◆ ASSIGNMENT: Go to the line that contains "ημέρα του Έρωτα", then write out that line and all that follow to the end of the listing, exactly and without pictures.

◆ DATASET EXTRACT:
---
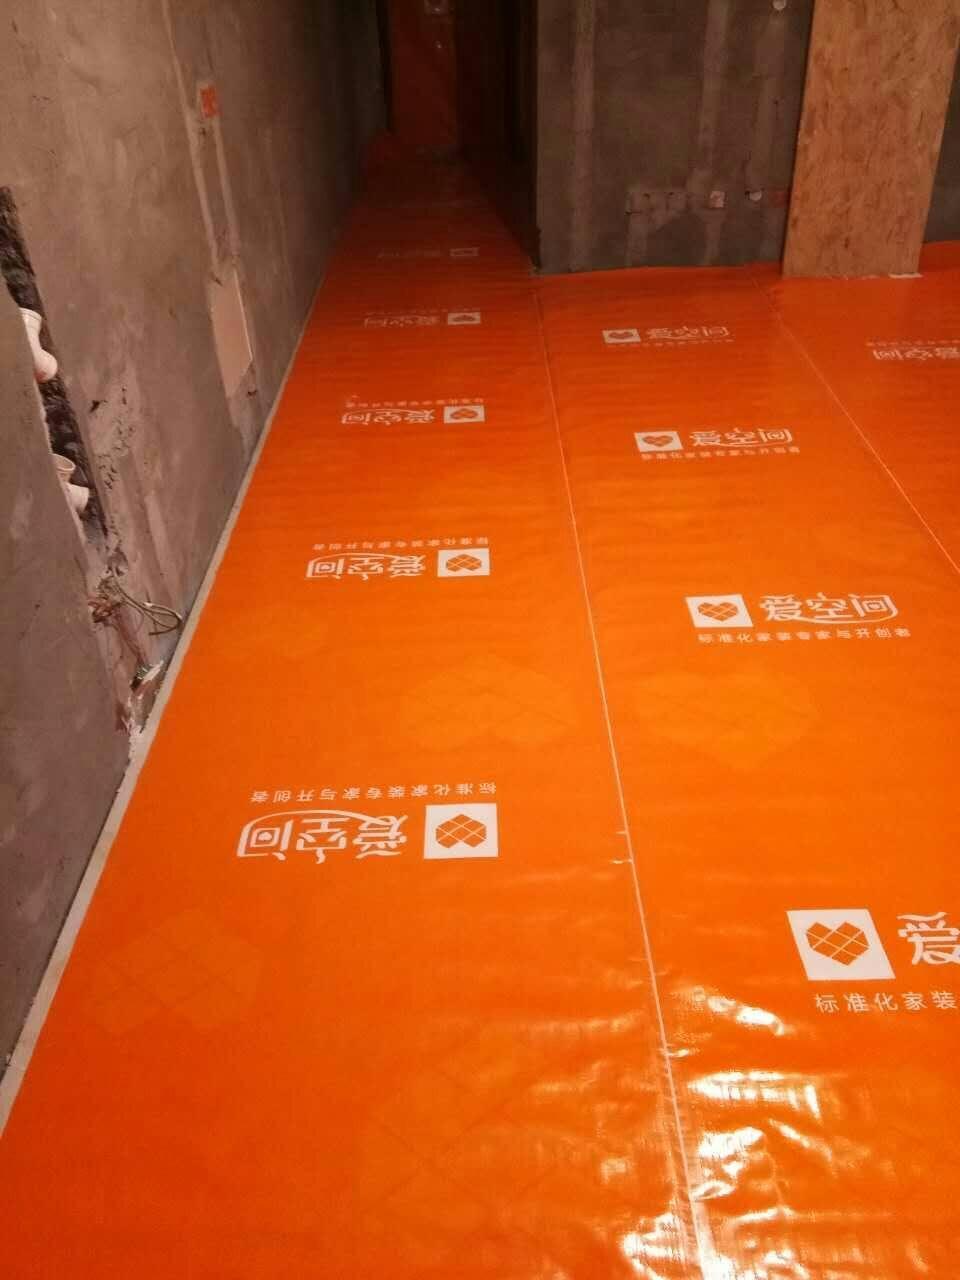 装修油漆阶段_弥漫着古典色彩的在上海的家 专业有规划的装修之旅_图片2
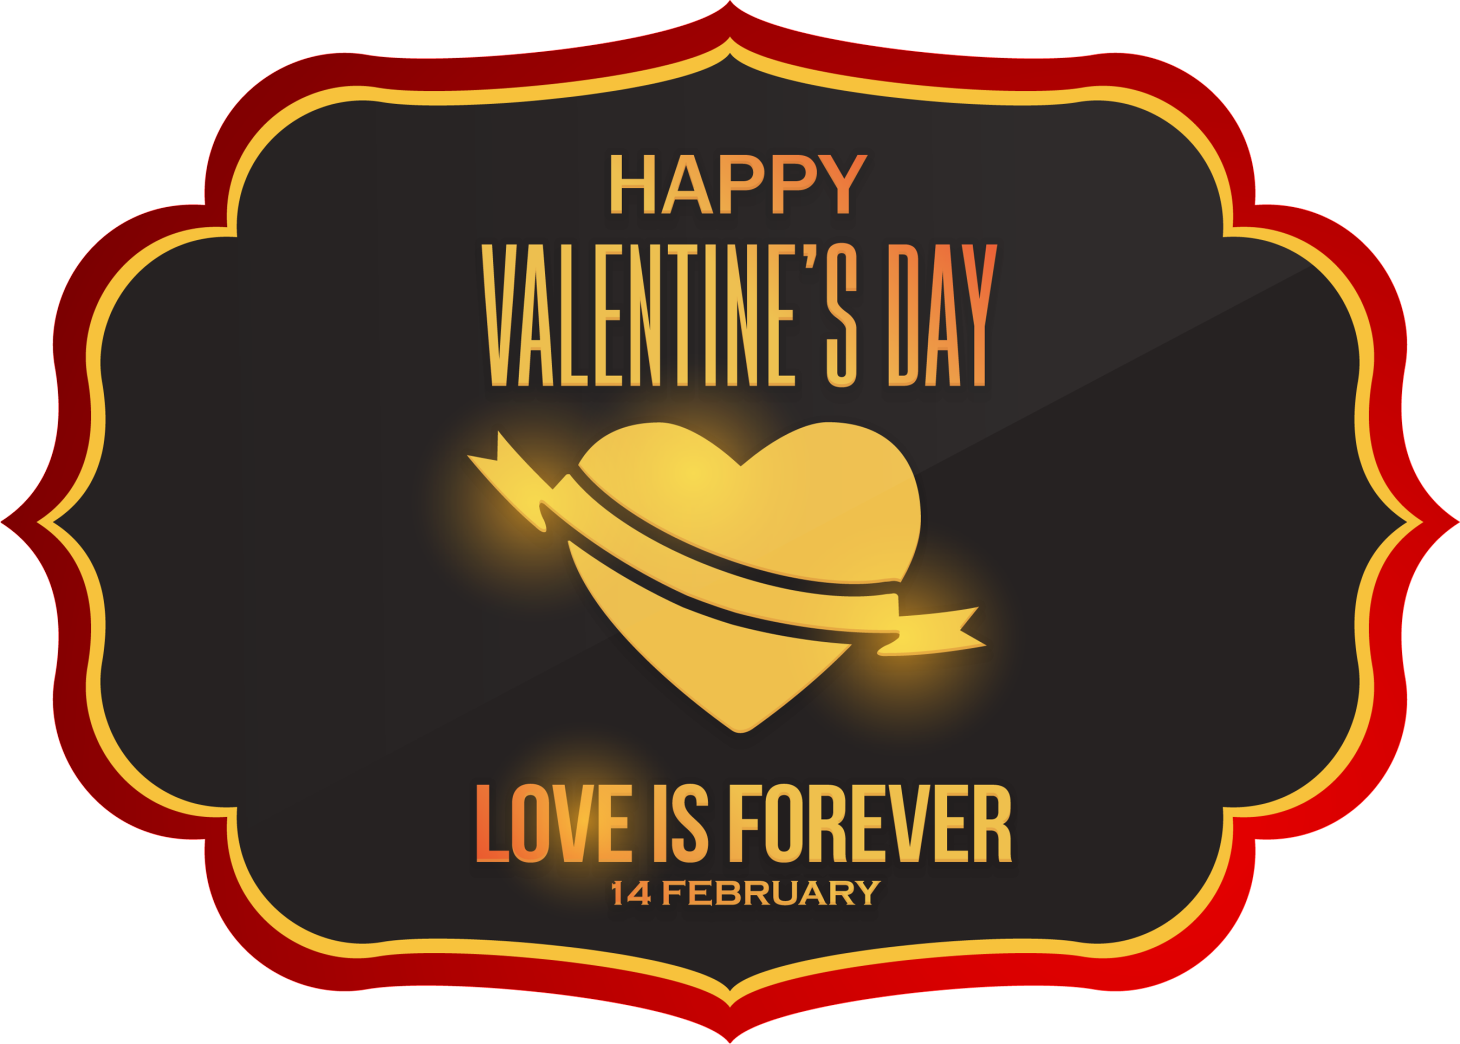 ημέρα του Έρωτα
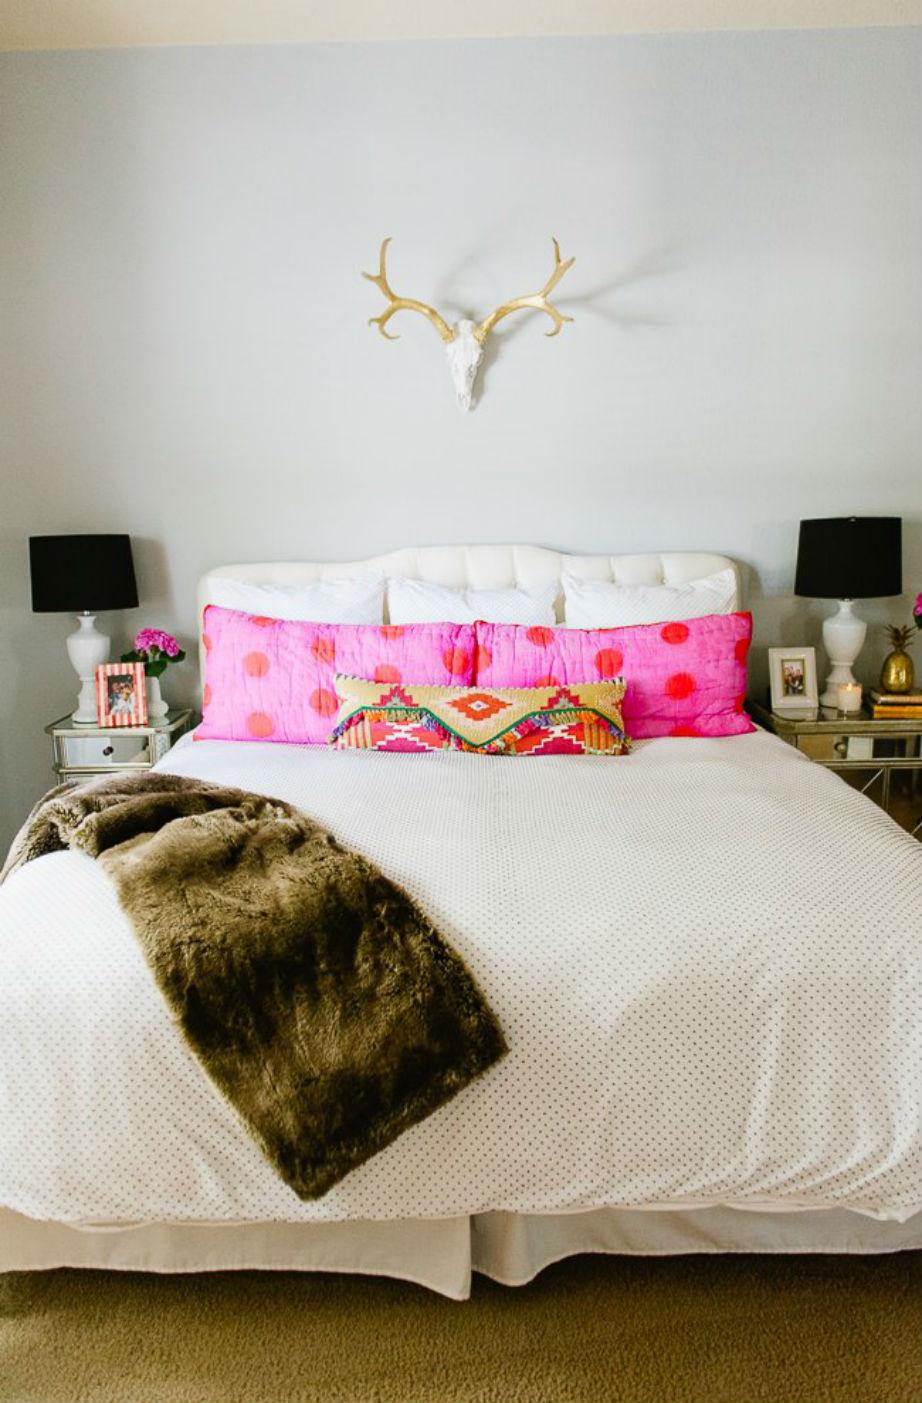 Η πανέμορφη κρεβατοκάμαρα της Katie.
---
◆ YOUR RESPONSE:
 ημέρα του Έρωτα
 Η πανέμορφη κρεβατοκάμαρα της Katie.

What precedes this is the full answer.